I got it for 17k with a spacial deal


----------



## acewin (Mar 23, 2008)

gauravakaasid said:


> ^^i wish it was that easy



well what can be said she is real hot, it will be haven if you lay your hands, heehe, and we are still on earth
BTW, the review is real good, my question is what quality of video of Transformer are you running, is it DVD content DVDrip certainly not from TV tuner card, because I dont think they have premiered it on TV yet. And yeah 24 inch is a real thing if we wanna watch HD n DVD movies on comps


----------



## shakensoul (Mar 24, 2008)

acewin said:


> well what can be said she is real hot, it will be haven if you lay your hands, heehe, and we are still on earth
> BTW, the review is real good, my question is what quality of video of Transformer are you running, is it DVD content DVDrip certainly not from TV tuner card, because I dont think they have premiered it on TV yet. And yeah 24 inch is a real thing if we wanna watch HD n DVD movies on comps



The Transformer movie was a HDrip 720p.


----------



## vista__n00b (Mar 24, 2008)

Watch ur language.


----------



## ..:: Free Radical ::.. (Mar 25, 2008)

^ He was nice enough to offer a group order for other people on another forum to extend the benefit of the deal he got to others.
He even cared to post a review for everyone's sake. 
And how did you help ?


----------



## vista__n00b (Mar 25, 2008)

..:: Free Radical ::.. said:


> ^ He was nice enough to offer a group order for other people on another forum to extend the benefit of the deal he got to others.
> He even cared to post a review for everyone's sake.
> And how did you help ?


I have already said that it was a nice review but I am equally entitled to post something that doesn't look right. If some user is accepting the appreciation then he/she should take any complaints in the right spirit as well.
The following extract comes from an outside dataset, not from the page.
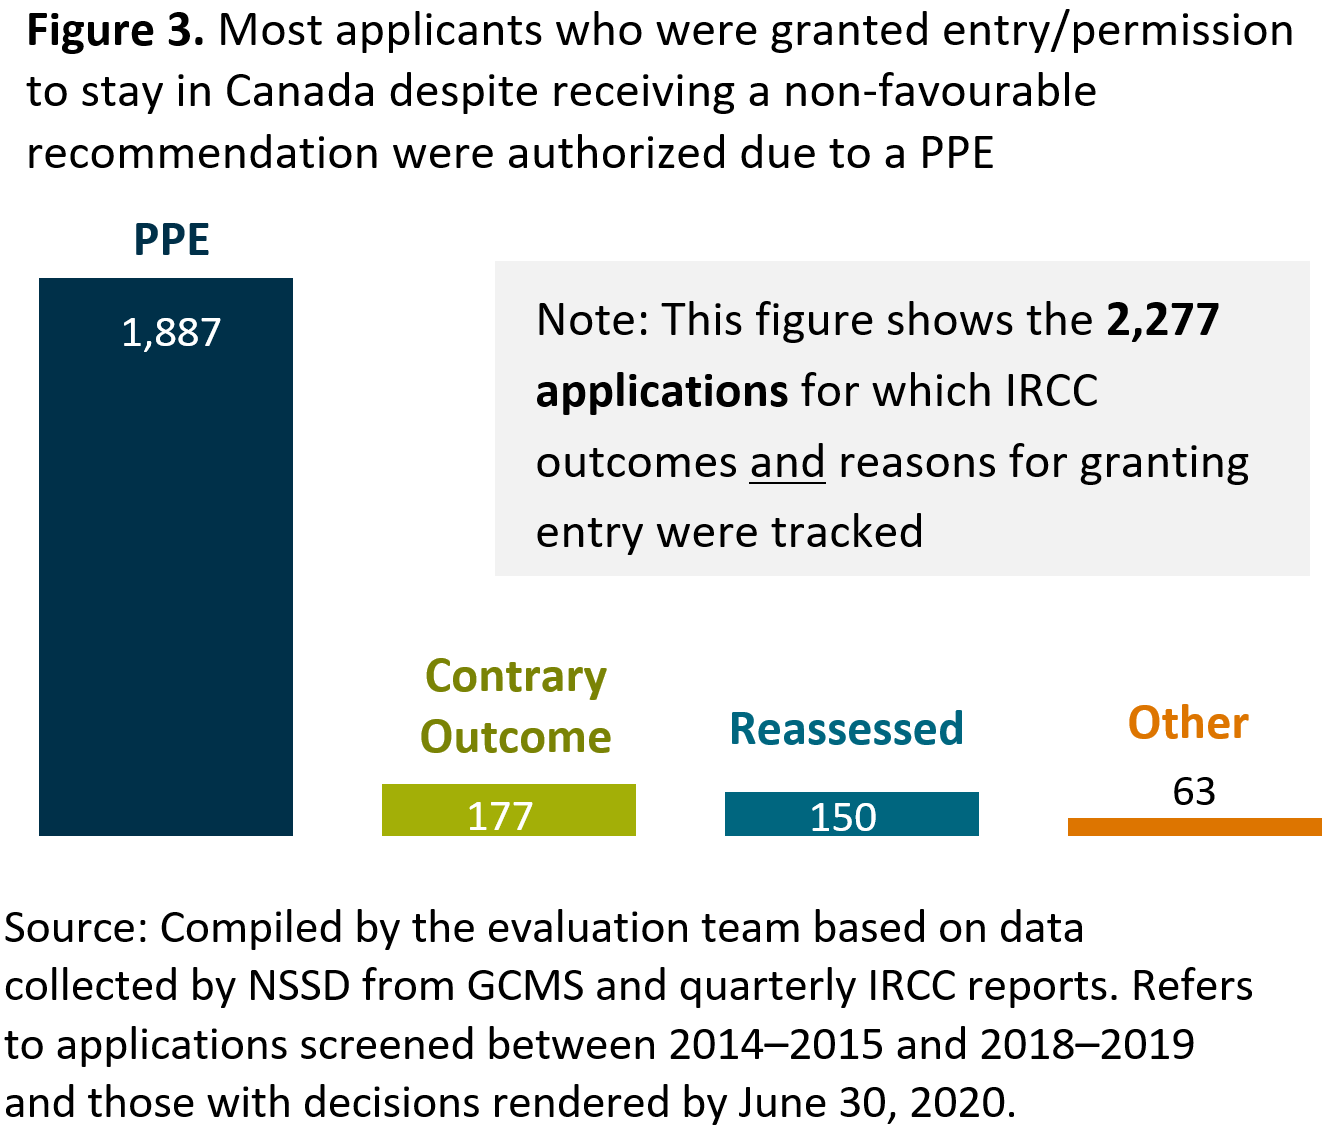 Figure 3 shows that most applicants who were granted entry/permission to stay in Canada despite receiving a non-favourable recommendation were authorized due to a <abbr>PPE</abbr>.

IMHO If he went for a bulk deal "for some other forum" then he should keep it to that "other forum" or else he should detail it here as well. I don't know where I was wrong.


			
				shakensoul said:
			
		

> edited out (MOD edit)


As far as original poster is concerned. Your post has been reported for abusive language *Mr. Etiquette*


----------



## Kniwor (Mar 25, 2008)

This argument ends here, I'm not taking any action against u for ur language, and I'm, sure u would like it remains that way.

@vista__n00b
shakensoul has all right to reserve any information that he does not want to share with you, he just mentioned the price at which he got it, and it is up to him to keep the source secret or share it with you, your comments are not appreciated.


----------



## shakensoul (Mar 25, 2008)

FYI, I had posted the deal under the bazaar section in thinkdigit forums, but the mods did not allow it and it never materialized.


----------



## acewin (Mar 29, 2008)

shakensoul said:


> FYI, I had posted the deal under the bazaar section in thinkdigit forums, but the mods did not allow it and it never materialized.



even then I think the info that we can bargain with the dell rep is good.
I didnt knew that they entertain that also, never tried buying dell stuff heehe


----------